ESPN sold its majority stake in the X and Winter X Games on Wednesday, marking the end of a nearly three-decade chapter during which the network helped propel snowboarding, skateboarding and other action sports out of the fringe and into the mainstream.
Terms of the sale to MSP Sports Capital, a sports-focused private equity firm that also has stakes in McLaren Racing and a handful of European soccer teams, were not released. ESPN will remain a minority partner in the events and will continue to televise them.
This season’s Winter X Games are scheduled for Jan. 27-29 in Aspen, Colorado.
Created during an era when ESPN still craved programming of all sorts (ESPN2 was originally designed specifically to appeal to a younger audience) the Winter X Games have long been a trendsetter in snowboarding. It carries a reputation for building the best halfpipes and slopestyle courses and finding new events (think, snowmobiling) and niches ( think, Knuckle Huck ) to keep action sports on the cutting edge.

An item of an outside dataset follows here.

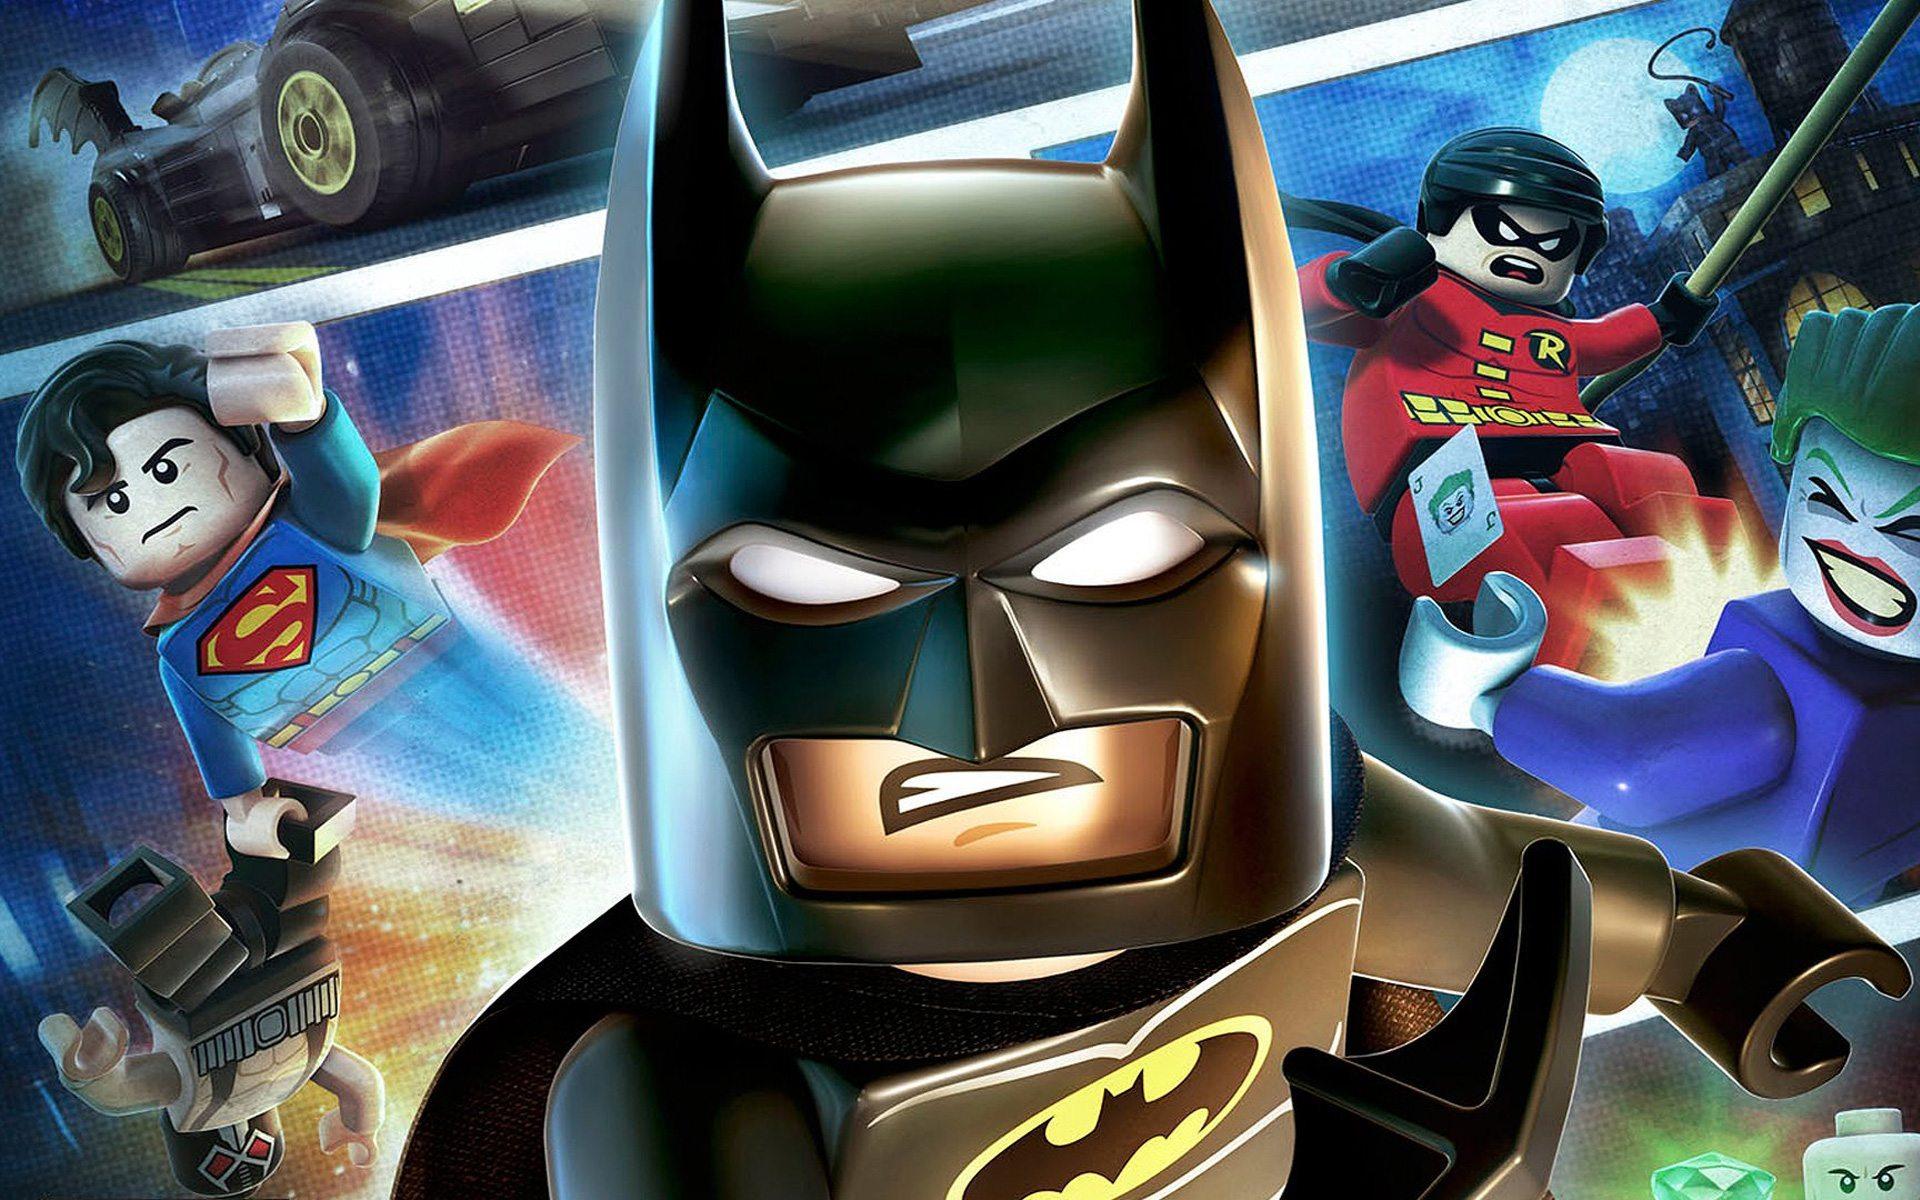 lego_batman_2_dc_superheroes-1466618-1920x1200

Next to his three Olympic titles, Shaun White’s 15 wins and 23 overall medals at the X and Winter X Games are his top sports achievement. Virtually all of the sport’s biggest names — Chloe Kim, Jamie Anderson, Danny Davis, Marc McMorris and more — have won multiple titles in Aspen. Even in an era in which the Olympics overshadows most everything, hardly anyone argues that a great snowboarder’s resume isn’t complete without some kind of victory in Aspen.
The first X Games were held in 1995 — a summertime affair known as the “Extreme Games” that focused on skateboarding. Tony Hawk was among the gold medalists at the inaugural gathering. ESPN added a winter version in 1997 that eventually overshadowed its summer cousin in many ways, in large part thanks to snowboarding’s inclusion in the Olympic program a year later.
Building courses, finding judges, dealing with athlete health and safety and scheduling concerts that, increasingly, became a major draw to the events takes a staff of more than 1,000. By selling the majority stake while remaining invested in the enterprise, ESPN will step away from that part of the endeavor but will still focus on its core mission — televising sports.
“We’re proud of what we’ve created with our employees and the athletes over nearly 30 years of world-class X Games events and content,” said Jimmy Pitaro, chairman of ESPN and Sports Content.
Stepping in will be MSP, which will take over the production of the contests, and is expected to reshape the digital offerings for an event that skews to a younger, content-craving audience.
“Our vision for the X Games tomorrow, next year and a decade from now is simple — we want to create a global action sports community of athletes and fans where we push the limits of competition and entertainment,” said Steve Flisler, who becomes the new CEO of the X Games.
Flisler has been an executive at Twitch, a streaming service that is best know for its live streaming of video games, and also was in leadership positions at NBCUniversal.
He said the mission at the X Games is to create “a content engine that gives fans more ways to interact and get hooked to athlete stories.”
“X Games athletes are competitors first but increasingly will become some of the most influential content creators across the globe,” Flisler said.